Novas Histórias do Tempo da Velha Escola (MCLIII)

Rio Bonito, 21 de fevereiro de 2043

Neste ano da graça de dois mil e quarenta e três, celebra-se o vigésimo aniversário do fim do sistema de ensinagem, quando, definitivamente, a administração escolar abdicou de impor a razão da força, para fazer prevalecer a força da razão, quando educadores assumiram um compromisso ético com a educação. 

Nesses sombrios tempos, a voz do Mestre Pedro ressoava pelos corredores das escolas-casernas, desmontando uma farsa de séculos. 

“Os dados de “aprendizado adequado” disponíveis (Ideb) são kafkianos: em 2015, apenas 7.3% dos estudantes do ensino médio tiveram aprendizado adequado de matemática; a maior média ocorreu no DF, com 12.8% (foi de 31.5% em 1995!), e a menor no Maranhão, com 1.5%. 

Levando em conta que o Ideb não é um dado expressivo (acomoda-se em memorização de conteúdos, tendencialmente), a situação real é ainda pior. Citando o Enem de 2017, apenas 50 candidatos tiveram nota máxima em redação (dentre 5 milhões), sendo que 300 mil tiraram zero. 

É o resultado dos “Cursinhos”, que torturam milhões de estudantes para engolirem conteúdo que vão vomitar nos exames. 

Escola e universidade, são, essencialmente, isso. Nunca faltaram aula, prova e repasse. Ao contrário! 

Em 1997, logo após a LDB fixar 200 dias letivos, houve a maior queda pontual no Ideb. Em 2006, passamos o ensino fundamental de oito para nove anos, e o desempenho escolar nos anos finais só piorou, porque apenas aumentamos aula, sem tocar na aprendizagem. 

O INAF (Indicador Nacional de Alfabetismo Funcional) do Ibope constata que, há duas décadas, brasileiros adultos “proficientes” (que sabem pensar, digamos), são 8%! 

O PISA 2015 observou que 44% dos brasileiros de 15 anos de idade, que participaram, ficaram abaixo do último nível de matemática (Brasil no PISA 2015, 2016).”

O kafkiano cenário descrito pelo Mestre Pedro seria motivo para secretários de educação e ministros corarem de vergonha. E eis que alguns se mostraram sensíveis à mudança. E eis que encontrei educadores dispostos a mudar. Já septuagenário, reesperancei. Ajudei a criar círculos de aprendizagem e protótipos de comunidade.

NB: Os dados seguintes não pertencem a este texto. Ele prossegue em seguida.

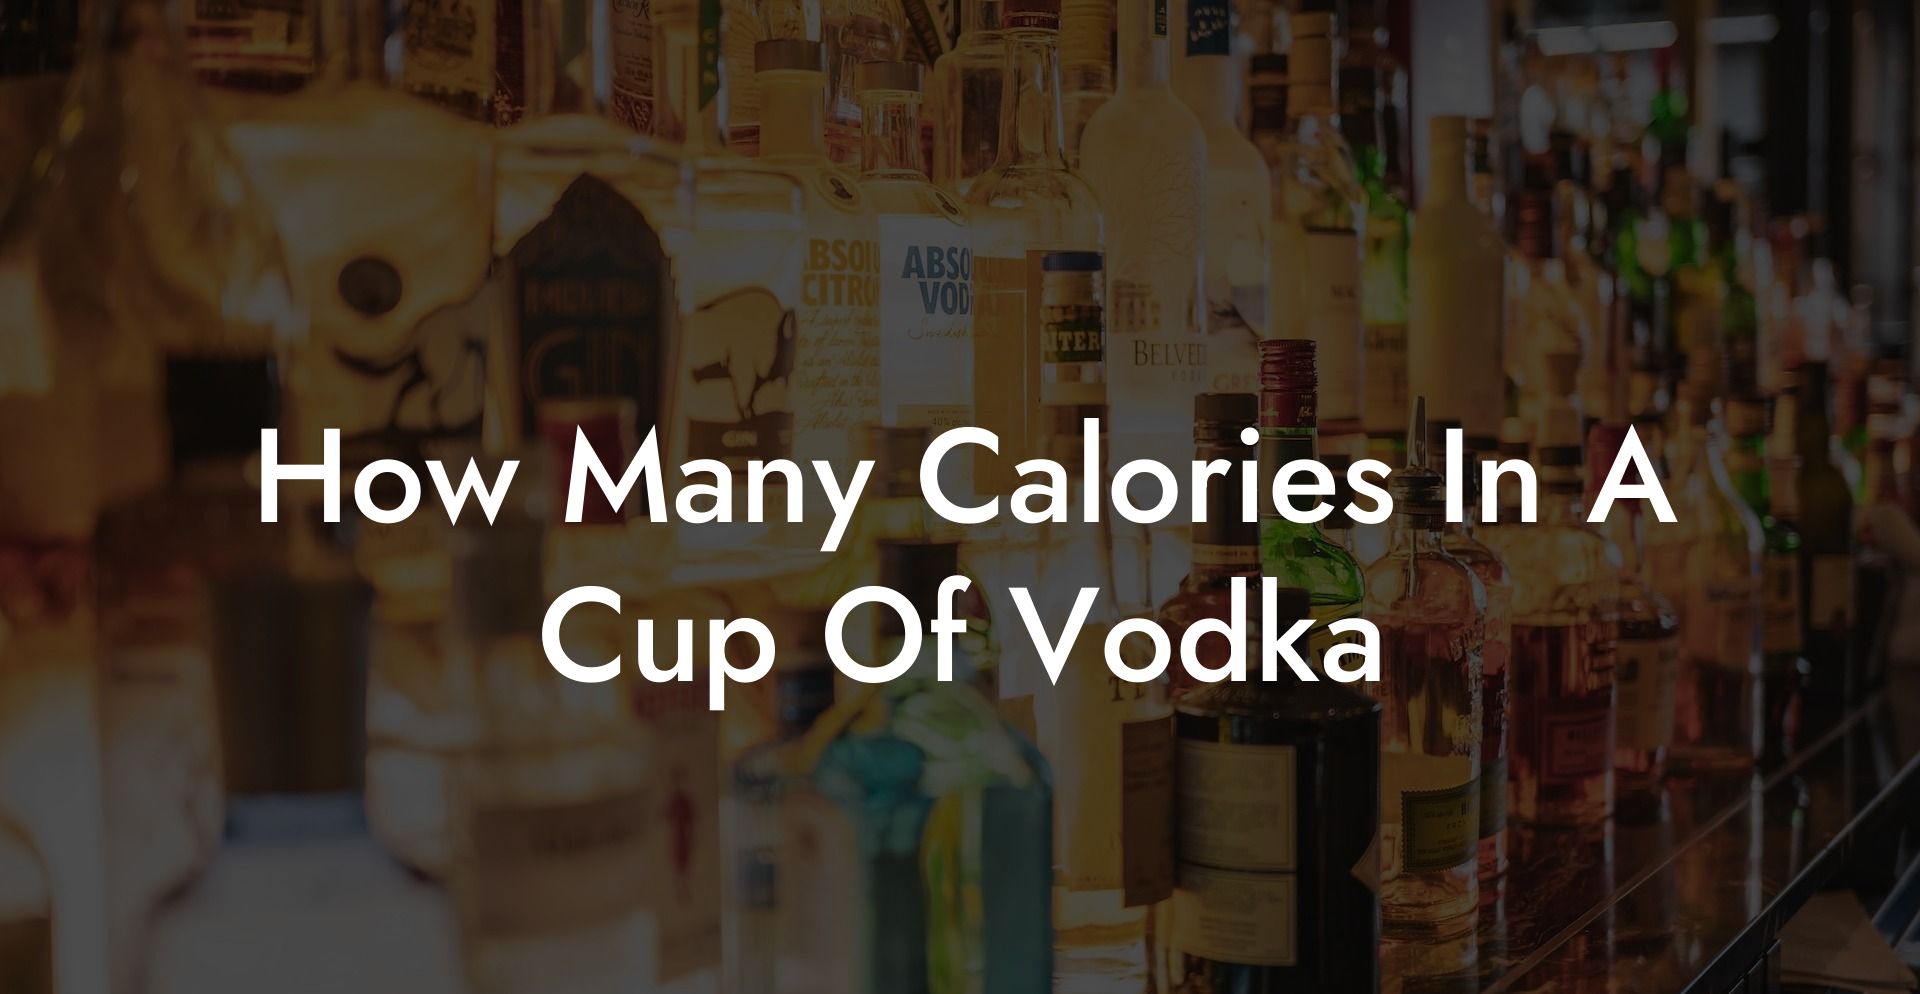 How Many Calories In A Cup Of Vodka

Os círculos poderiam ter duas origens. 

Primeira hipótese: 

Se numa escola ainda houvesse um professor vivo, ali se concebia a chamada “turma-piloto”. No projeto a que dei o nome de “Praticar Darcy”, três escolas se mostraram disponíveis para instituir “círculos de aprendizagem de proximidade”. Ainda hoje, sinto profunda gratidão, relativamente a esses corajosos mestres de chão de escola. 

Segunda hipótese:

Se todos os professores de uma escola já tivessem “morrido”, famílias conscientes dos malefícios do instrucionismo dirigiam-se à escola mais próxima das suas residências, solicitavam o acesso ao projeto político-pedagógico, observavam a prática.

Se a prática fosse coerente com o teor do projeto, nela efetuavam a matrícula dos seus filhos. Acaso acontecesse o contrário, exigiriam que o projeto se cumprisse. Não permitiriam que fossem metidos em salas de aula. Recomendariam aos professores a leitura do PP-P da escola e que agissem em conformidade.

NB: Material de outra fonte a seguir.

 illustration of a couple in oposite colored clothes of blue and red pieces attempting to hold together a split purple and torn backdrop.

Por altura do Carnaval de vinte e três, o círculo de aprendizagem estava constituído. Só faltava publicar a criação da escola pública com a designação “Comunidade de Aprendizagem”. Enquanto se esperava, as crianças foram matriculadas na escola pública mais próxima. 

Infelizmente, em algumas situações de manifesto autoritarismo, foi necessário reagir com desobediência civil serena, ponderada, fundamentada na Lei de Bases e na voz luminar do Mestre Pedro.